My understanding (via my wife's family, who have been in Menlo Park for ~50 years) is that Atherton doesn't allow lots smaller than 1 acre.

I live at the yellow star at the top of the map. Needless to say, my lot is vastly smaller than an acre :)


Friend sent me an old ad for lots in the east bay. The developer was saying they were only selling 50 foot lots. No 25 foot lots! If you look on the map now all the lots have 50 feet of street frontage. If you look at San Francisco they are mostly 25 feet.

The ads date is 1913.

That makes me rethink how much zoning is about muni's forcing developers to do things. And how much of zoning is actually regulatory capture. Developers have always been pushing as much lux as the market and technology can bear. And home owners that are all in try to protect their investment in class distinction.


The endangered species act probably had 10x the effect on stifling building as Prop 13. Can you imagine a project like Foster City happening in the current environment?

https://www.fostercity.org/community/page/creation-foster-ci...

It takes Palo Alto 30 years to do flood mitigation because of a couple frogs in the creek.

If Mountain View needs housing, make more land. It will never happen because there are always myriad obstacles to building.

https://ww2.kqed.org/quest/2010/09/30/landfill-and-liquefact...

Look how much of the city of SF was built on landfill. When was the last time a major bay area development was done on reclaimed land?


After WWII the Army Core of Engineers had a plan to fill most of the bay.


While Environmentalism is definitely classist, and CEQA has played a part in preventing affordable development in cities, there are so many other factors that boiling it down to environmentalism is absurd.

If anything, CEQA and other environmental regulations have contributed more to improving the quality of life for working class people and the poor than it has contributed to their detriment. California is the median for poverty in the US and also happens to be in the top 15 for quality of life while also being in the top 10 most environmentally friendly states. Because of that, I don't see a correlation between environmentalism and poverty.


California is at the bottom for poverty on the only measure that matters (the Supplemental Poverty Measure, which accounts for cost of living): https://www.sandiegouniontribune.com/opinion/the-conversatio...

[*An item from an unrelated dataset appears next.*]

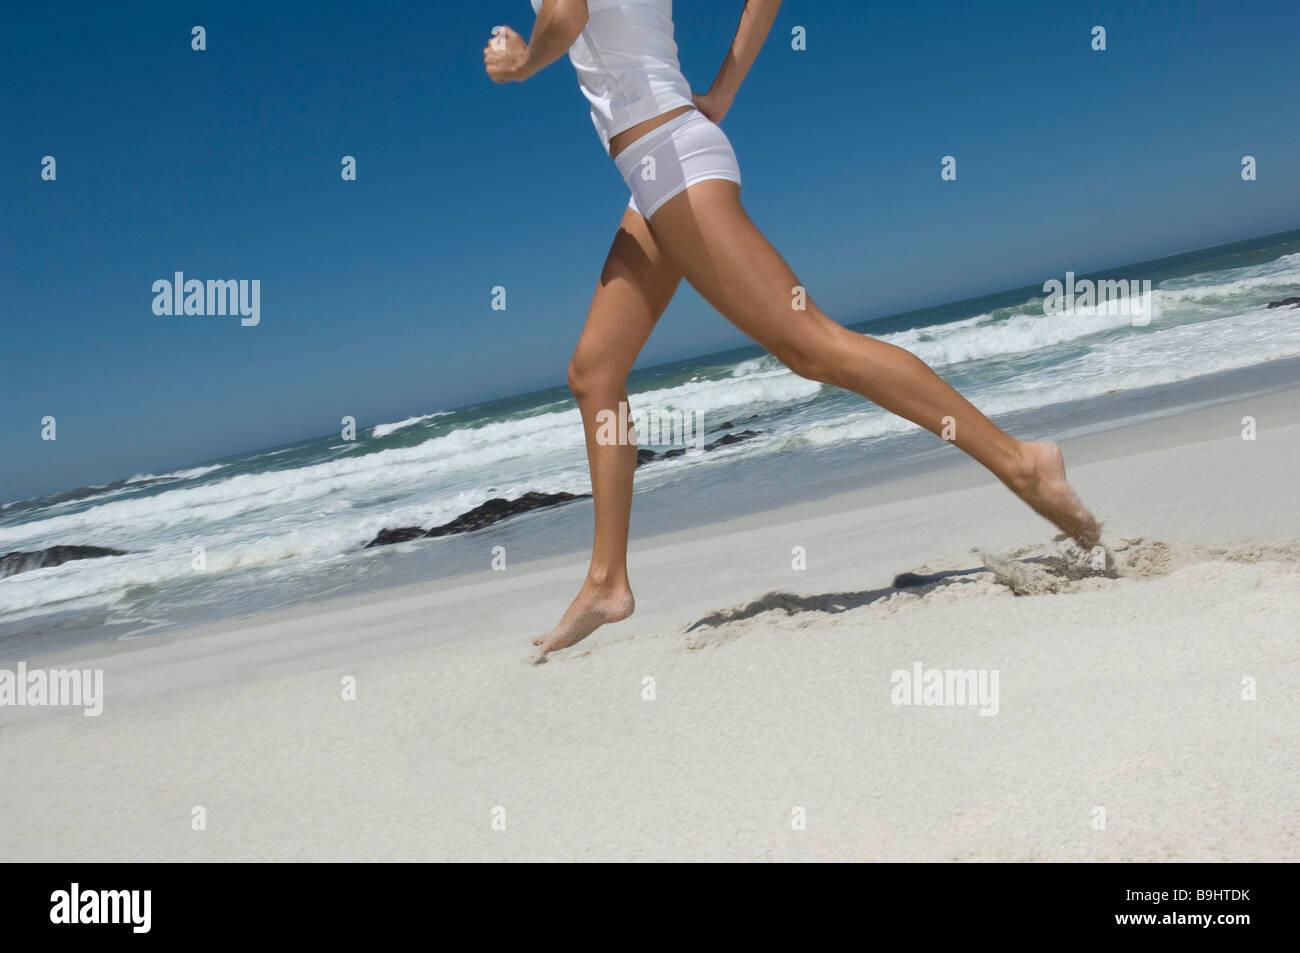 Female running on beach Stock Photo

Fair enough, but even considering that, the other states at the top of the list are a grab bag consisting of some of the worst states in terms of environmental regulations. My point is that there is no absolute correlation with environmentalism and poverty.


Nice how you slipped your pet bugaboo into your argument. Enviros are not responsible for the height caps and the sprawl.


The article says that SB 50 was supported by environmentalist groups.

>The bill also garnered support from environmental organizations, including Natural Resources Defense Council and California PIRG, because of its potential to reduce the carbon pollution that comes from long driving commutes.


Most environmentalists are in favor of increased density. The opposition is more NIMBYs who either don't want their neighborhood to ever change, don't want poor people anywhere near them, or want their house value to go up.


By “principled,” I mean that the RHNA sends the signal from the state government to the local governments of the state interest (regional quantity of housing to promote housing affordability and availability), while preserving local control over legitimate local concerns, which is what the opposition to SB 50 wanted. It makes sense theoretically; it just doesn’t work in practice due to the lowballed numbers and long time frames.


It's what happens when you let homeowners form a cartel and vote on how much new housing to create (and thus how much to dilute their own home's worth by). Environmentalism has nothing to do with it.


> environmentalism is classism in disguise.


when you restrain housing, everyone suffers.